Взгляните: никакой тебе аскезы, абсолютная свобода, блаженная глоссолалия спонтанной речи и свободы, разговоры ни о чем. Желаете аналогий, странных сближений и параллелей? Их отыскать — вовсе не так просто. Например, не годятся ни “Письма с Понта”, ни “Письма русского путешественника”. Почему? Да потому, что и Овидий, и Карамзин устами изгнанника/путешественника говорят совершенно всерьез, остаются самими собой при всем различии доминирующих эмоций (жалоба/пытливая чувствительность). Может, тогда — “Письма римскому другу”? Да, “теплее”, хотя и эта параллель не работает. Нет у Олеси Николаевой тотального иносказания, сплошного иронического qui pro quo, которым так завораживает Бродский. Мы говорим: “ворюга”, “кровопийца”, “жить в провинции у моря”, подразумеваем — ну, сами понимаете, кого и что…

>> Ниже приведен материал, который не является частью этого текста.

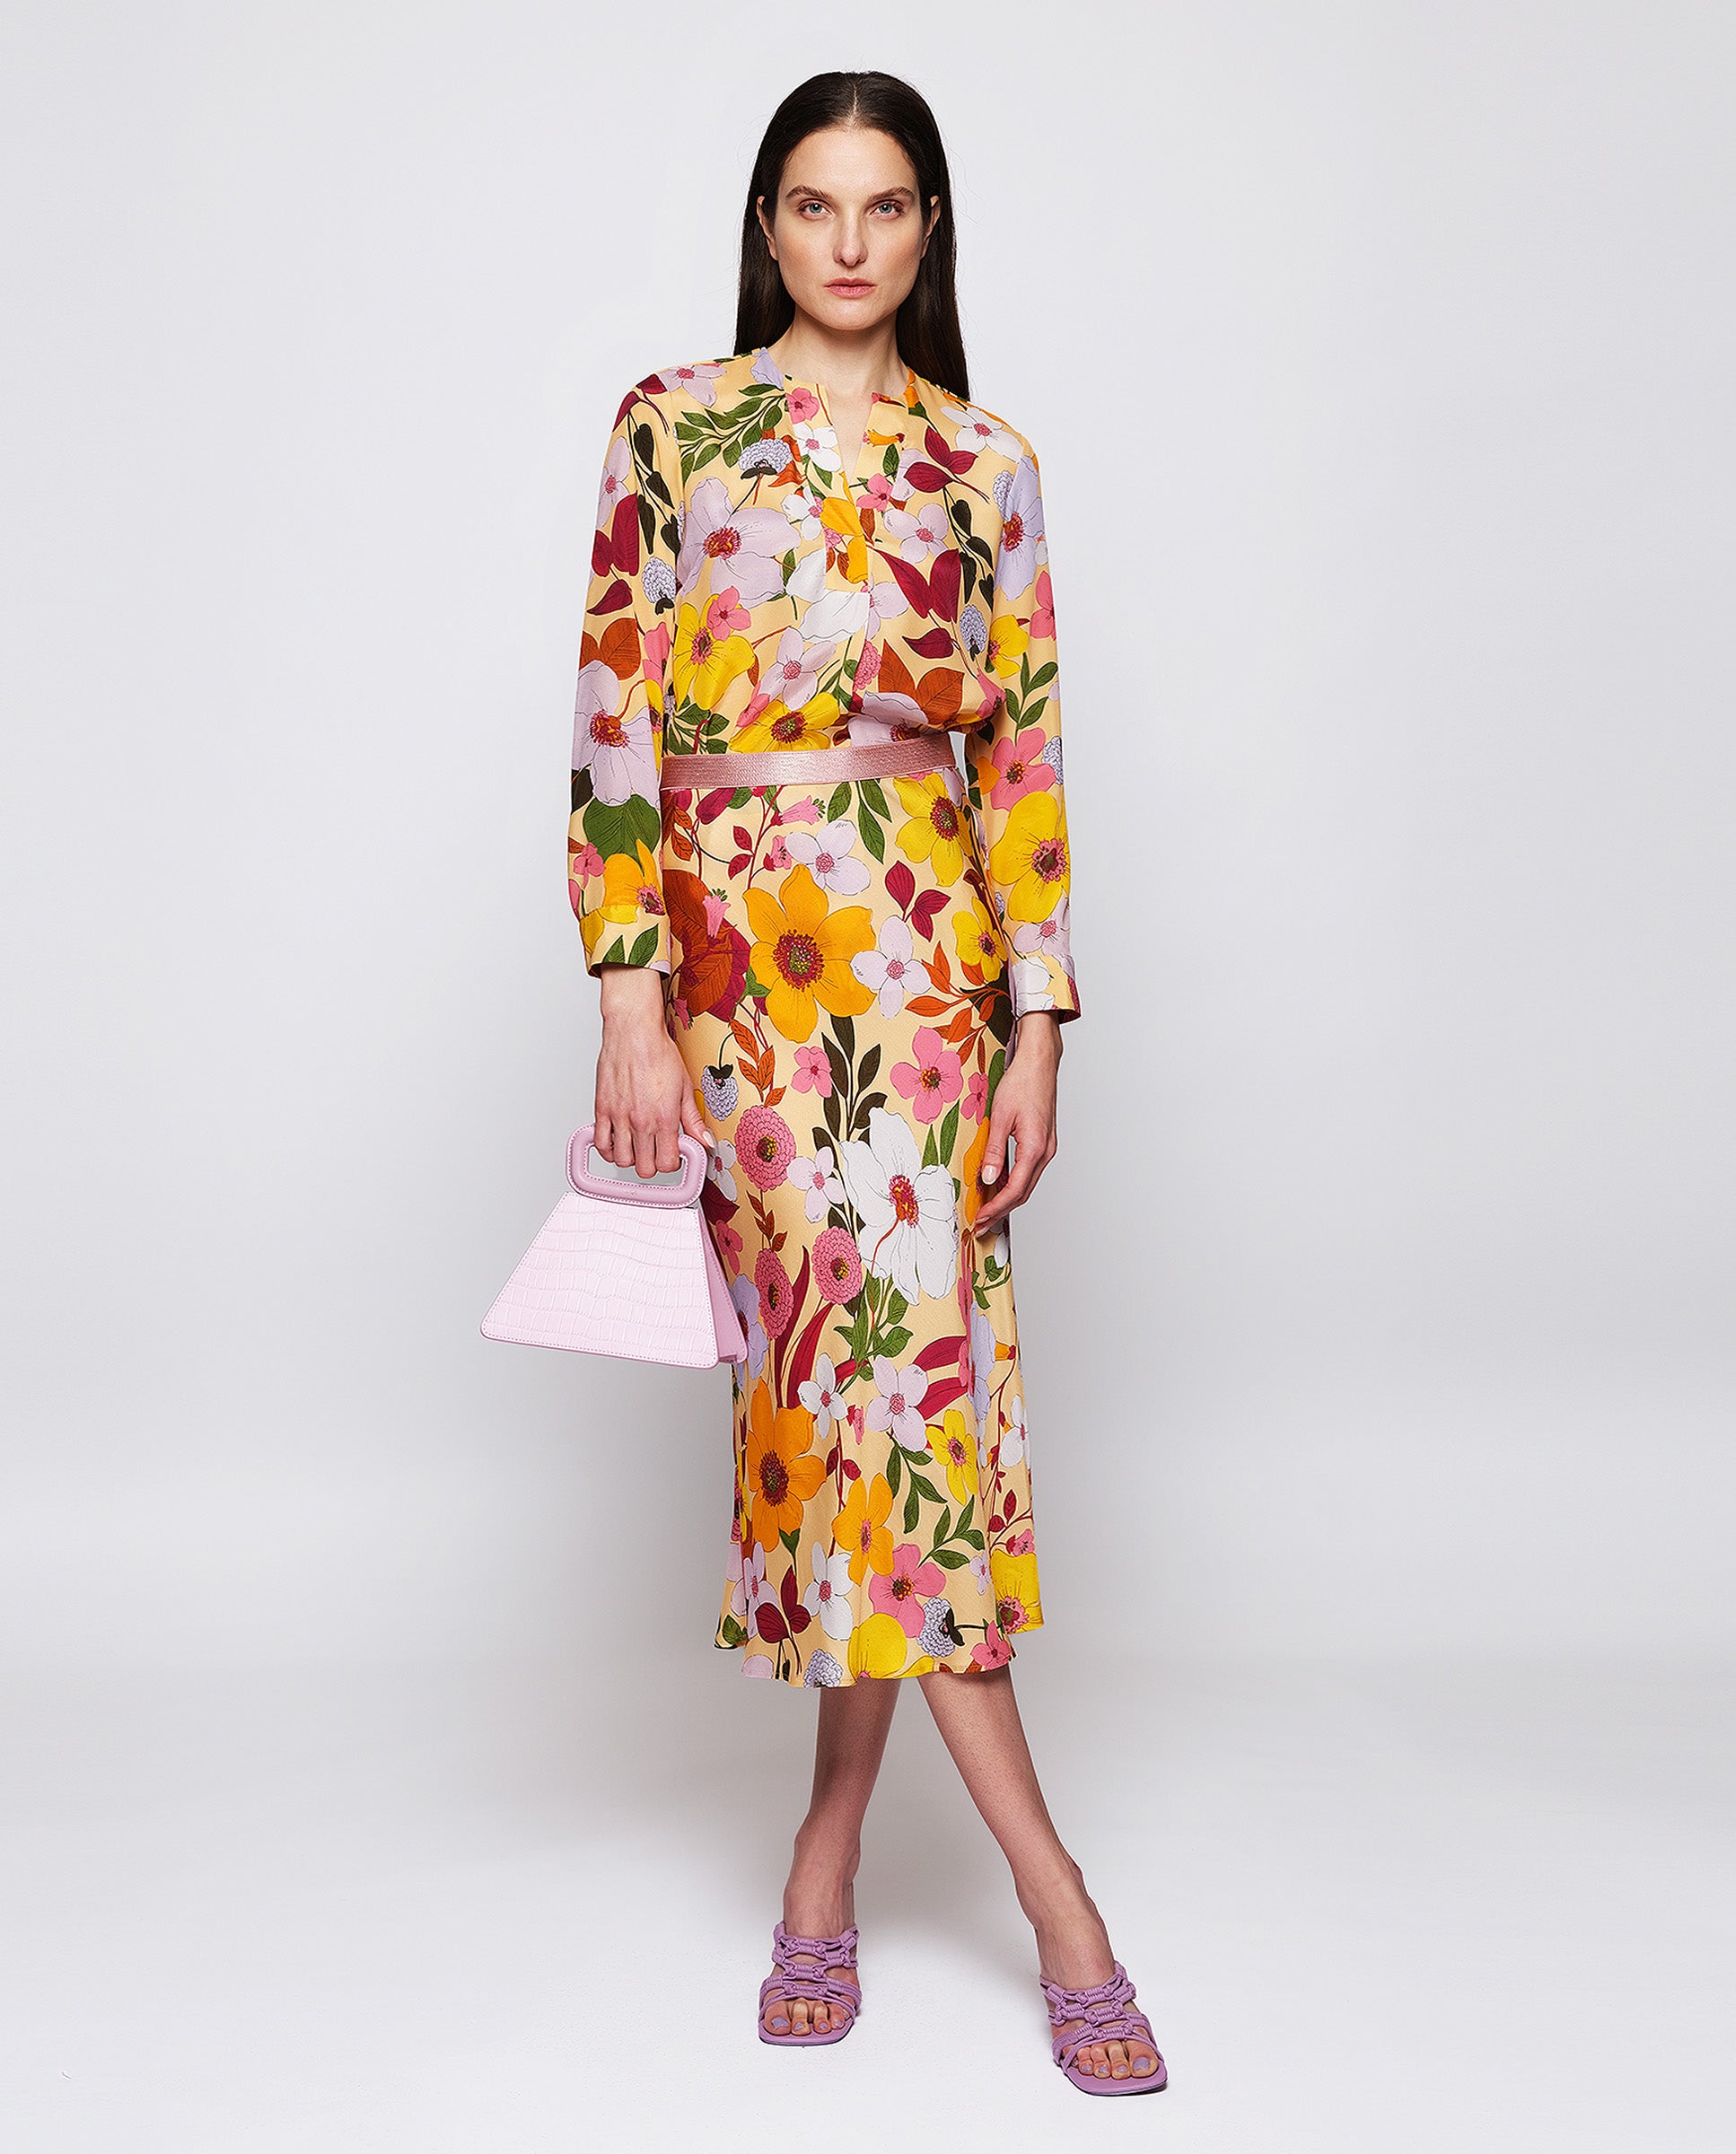 Falda midi estampado floral multicolor by MIRTO
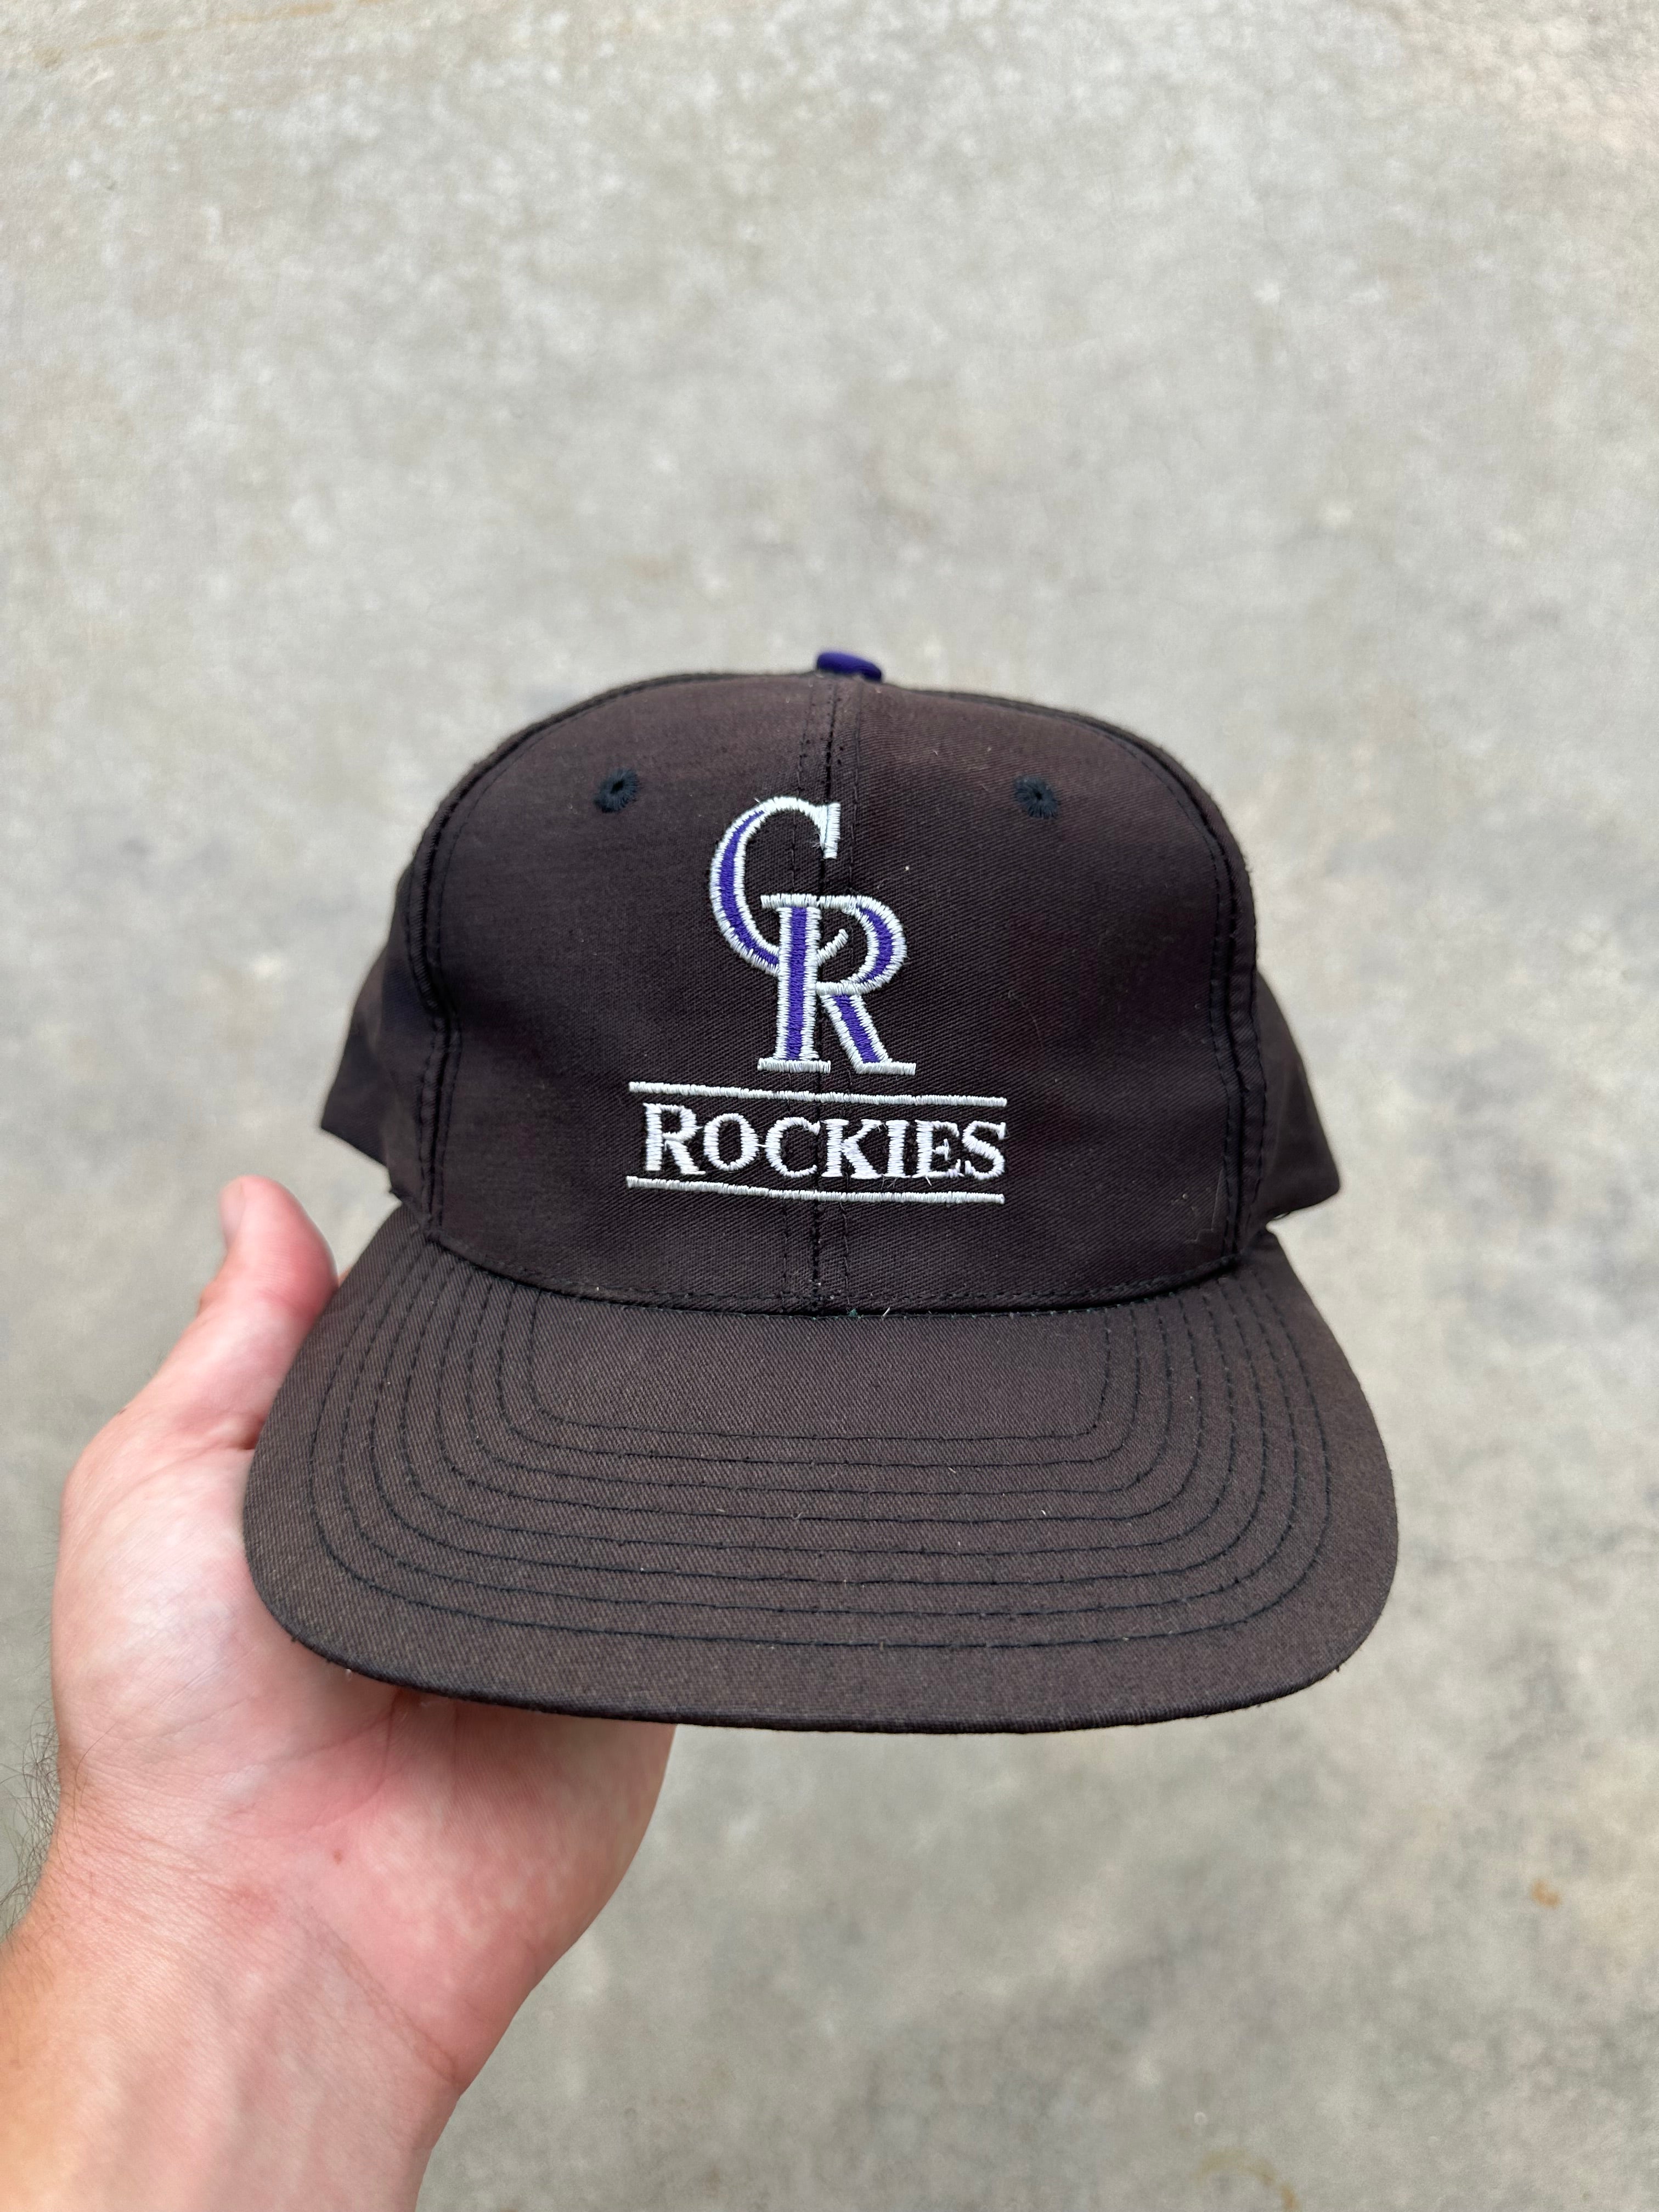 Vintage Colorado Rockies SnapBack Hat

Уж не делает ли Николаева что-то подобное Монтескье, который в “Персидских письмах” увидел Францию (и не только) глазами мало что понимающих условных собеседников-мусульман, зорко присматривающихся к незнакомой стране, хоть и описанной иносказательно, но названной прямо, без обиняков. “Испания” Олеси Николаевой, несмотря на демонстративный экзотический антураж, порою до боли напоминает какую-то другую страну: “…Испания наша, растаптываемая ногой / разночинца, хама и нигилиста…”. Или: “Как сказал один испанский поэт:/ “Гвозди бы делать из этих людей”…” А вот еще:
Любопытно, что те — из кидальщиков, шулеров и катал,
выходцы из низов, а некоторые — отмотавшие здесь по сроку,
то есть те, которые первоначальный делали капитал
рэкетом, — детей воспитывают уже по доктору Споку.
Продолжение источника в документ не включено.